(Source data)

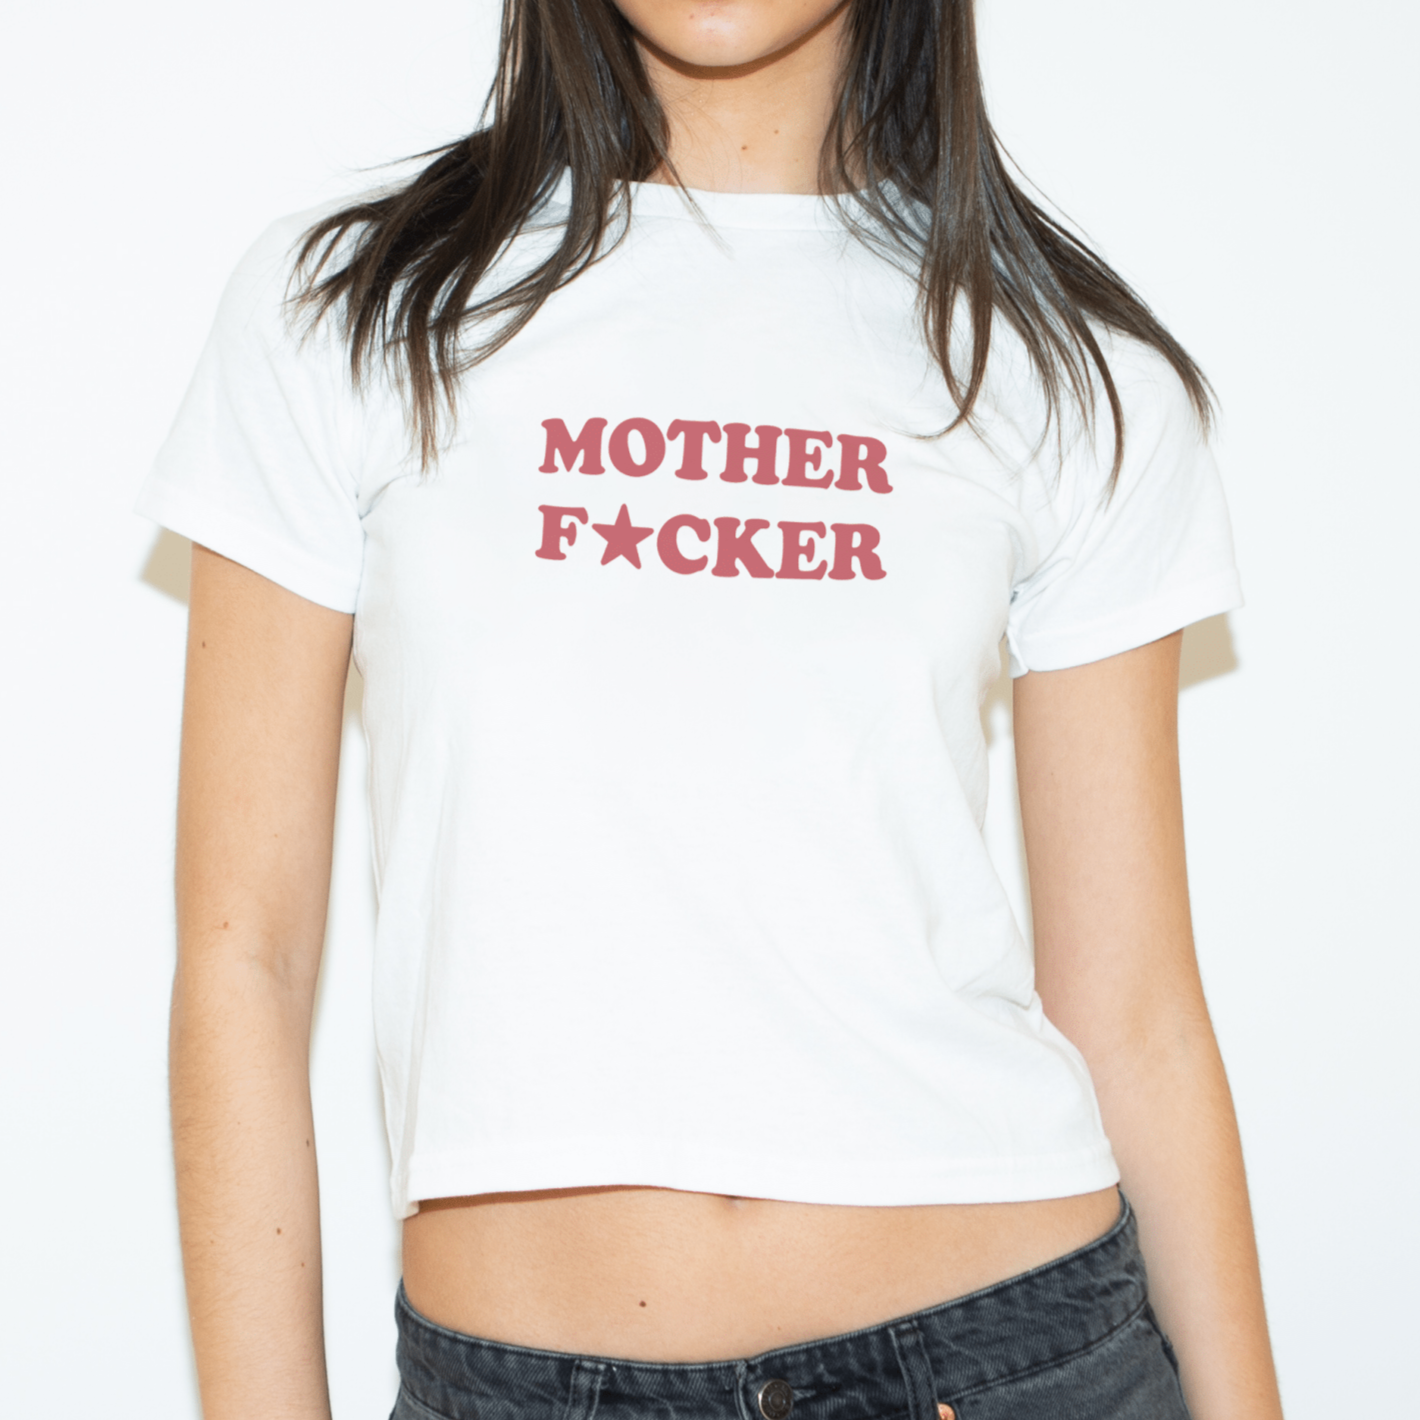 'Mother F★cker' baby tee - In Print We Trust
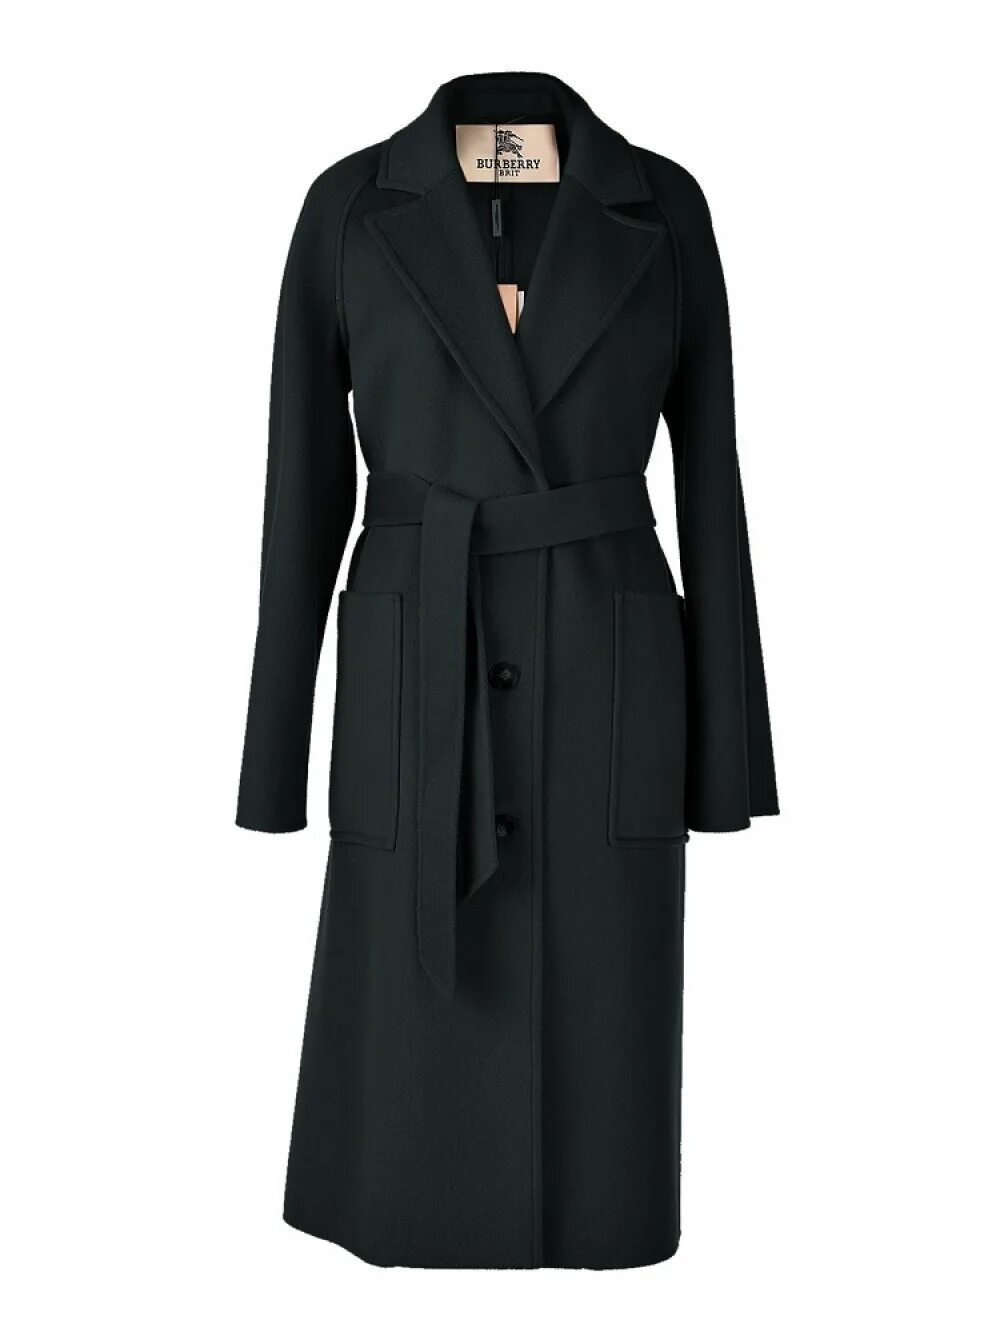 Пальто Барбери женское кашемир. Burberry пальто женское кашемировое. Пальто Burberry BMS-47213. Burberry пальто женское 2022.
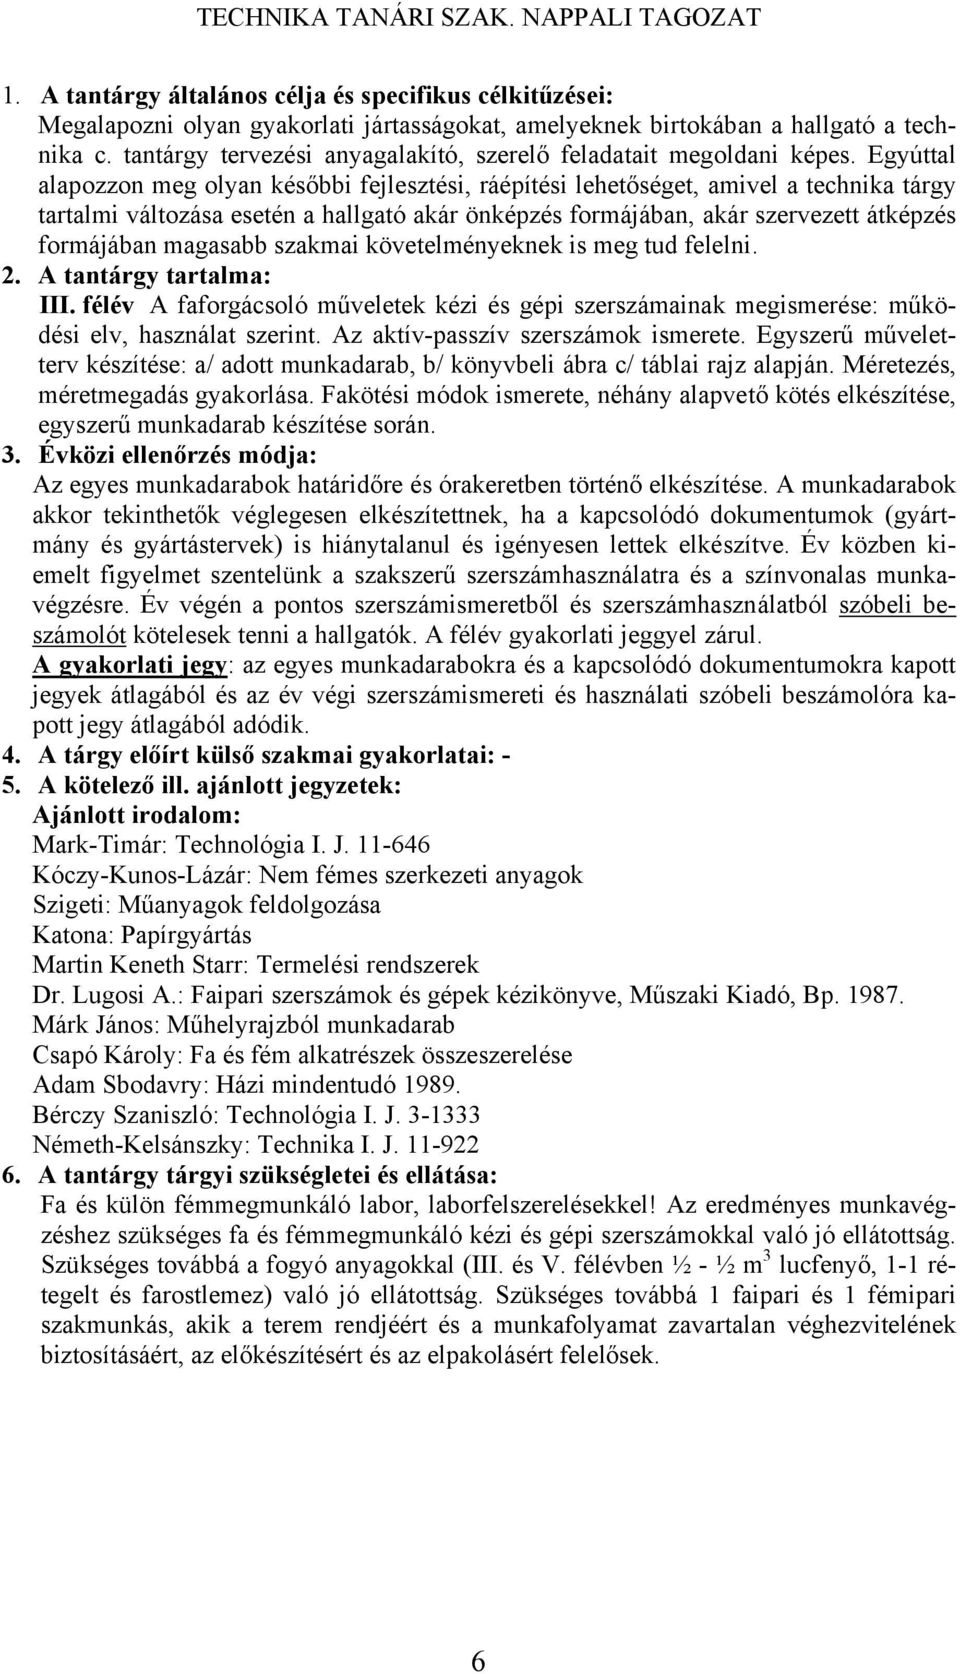 TECHNIKA TANÁRI SZAK. NAPPALI TAGOZAT - PDF Ingyenes letöltés
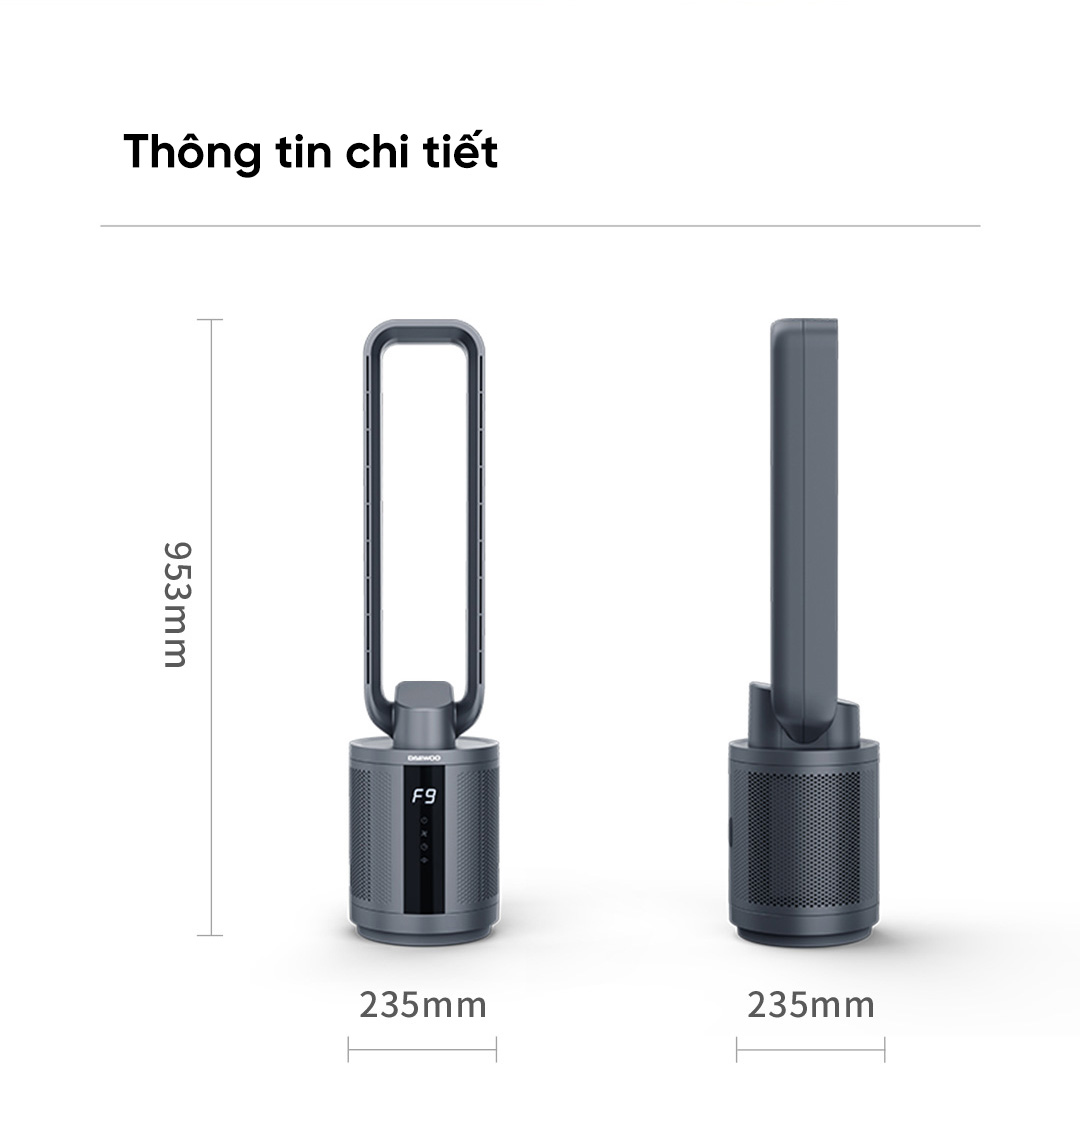 Quạt lọc không khí Xiaomi Daewoo F9 Max Hải Phòng - thông số kỹ thuật của sản phẩm
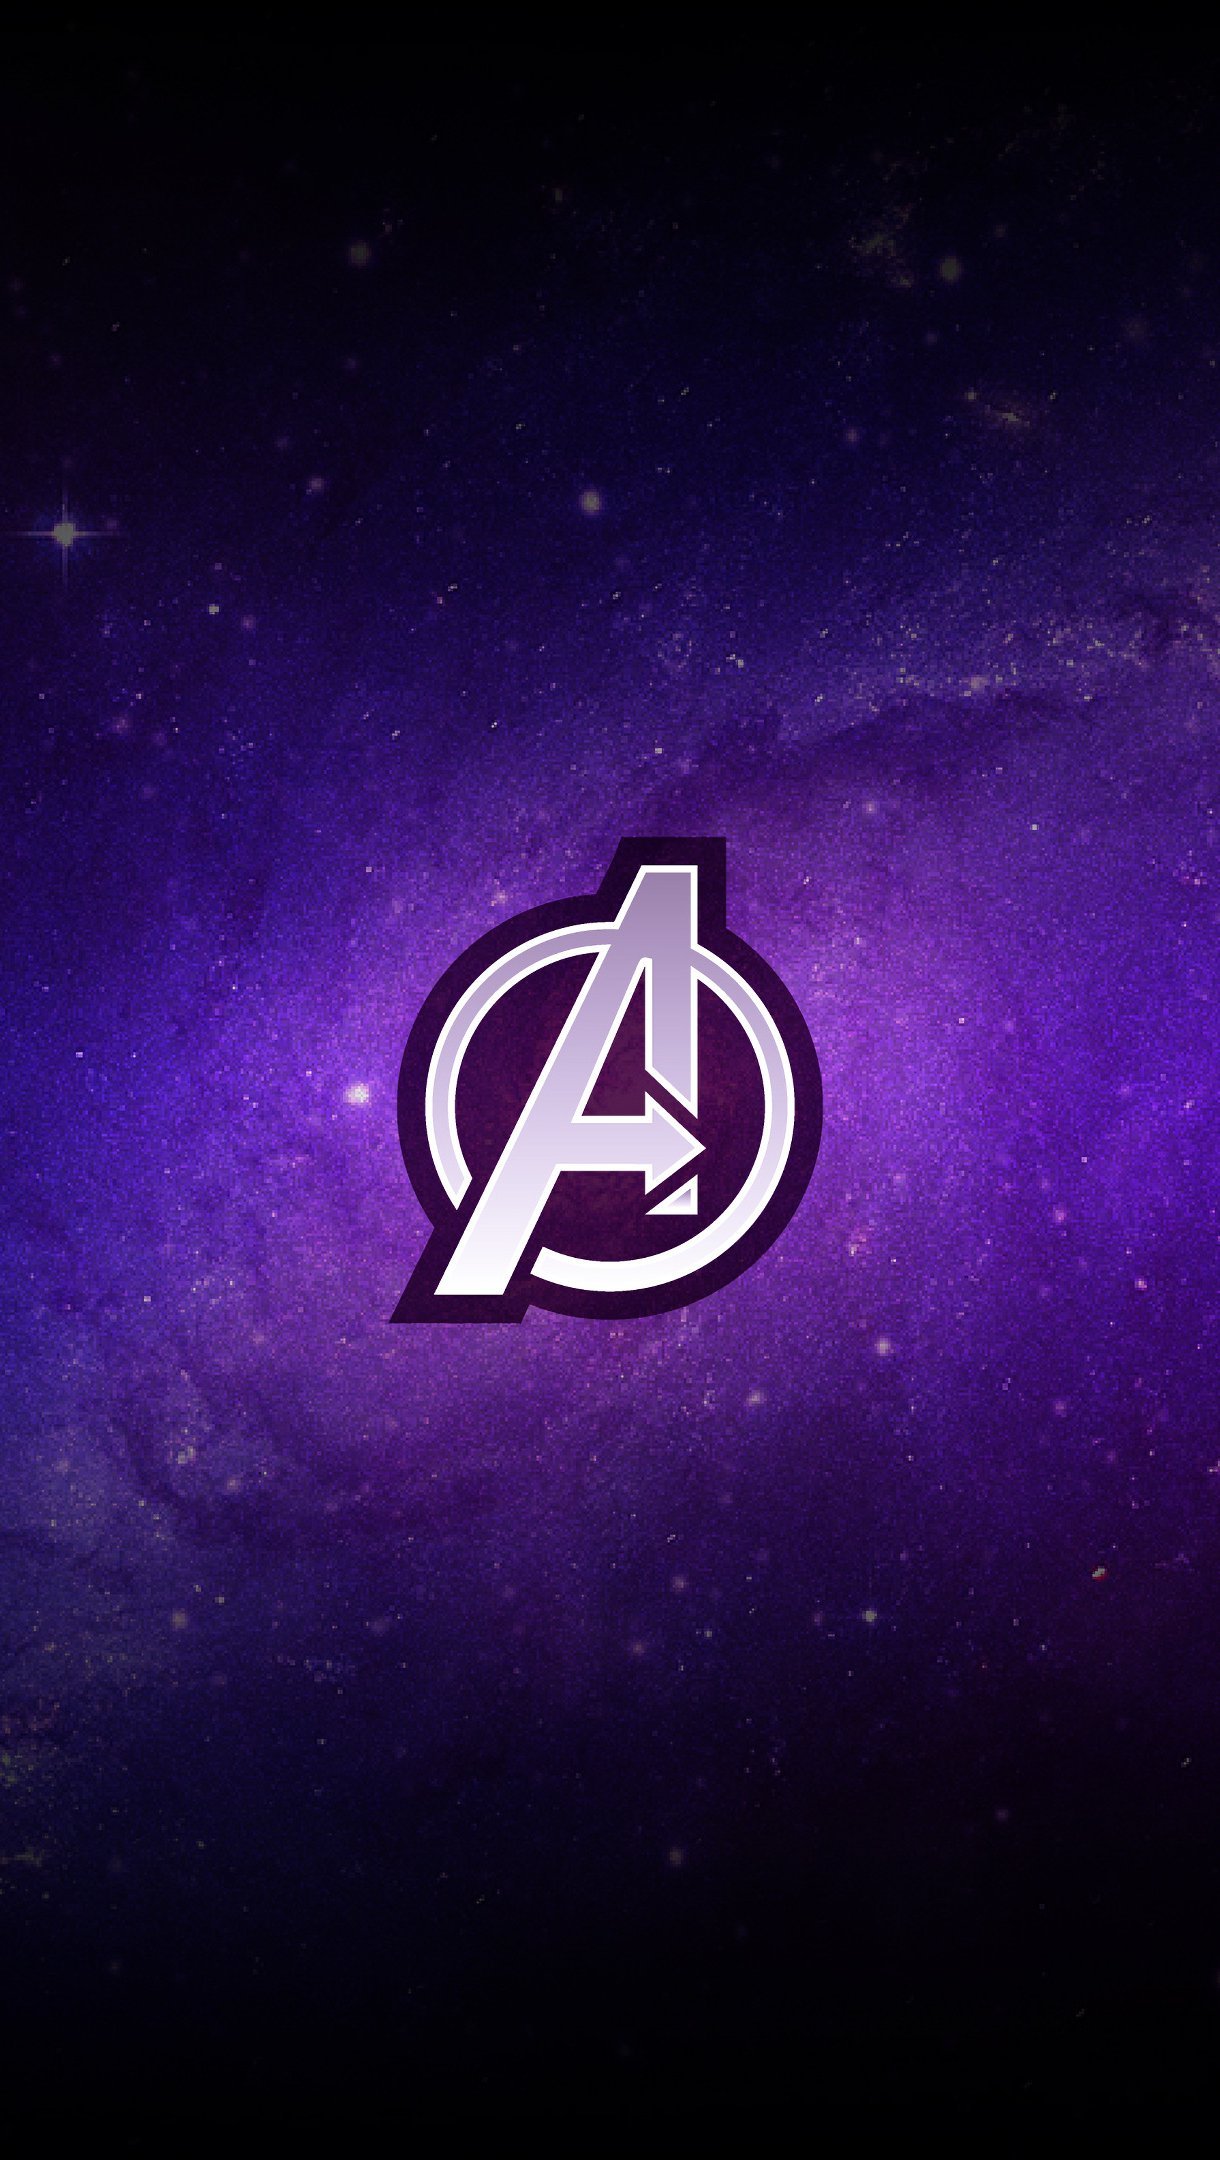 Fondos de pantalla Logo Avengers Endgame Vertical

What to produce: From the line containing "Пальто Барбери женское" down to the last line of the data above, transcribe exactly those lines and no others; omit the pictures.

Expected output:
 Пальто Барбери женское кашемир. Burberry пальто женское кашемировое. Пальто Burberry BMS-47213. Burberry пальто женское 2022.
 TECHNIKA TANÁRI SZAK. NAPPALI TAGOZAT - PDF Ingyenes letöltés
 Quạt lọc không khí Xiaomi Daewoo F9 Max Hải Phòng - thông số kỹ thuật của sản phẩm
 Fondos de pantalla Logo Avengers Endgame Vertical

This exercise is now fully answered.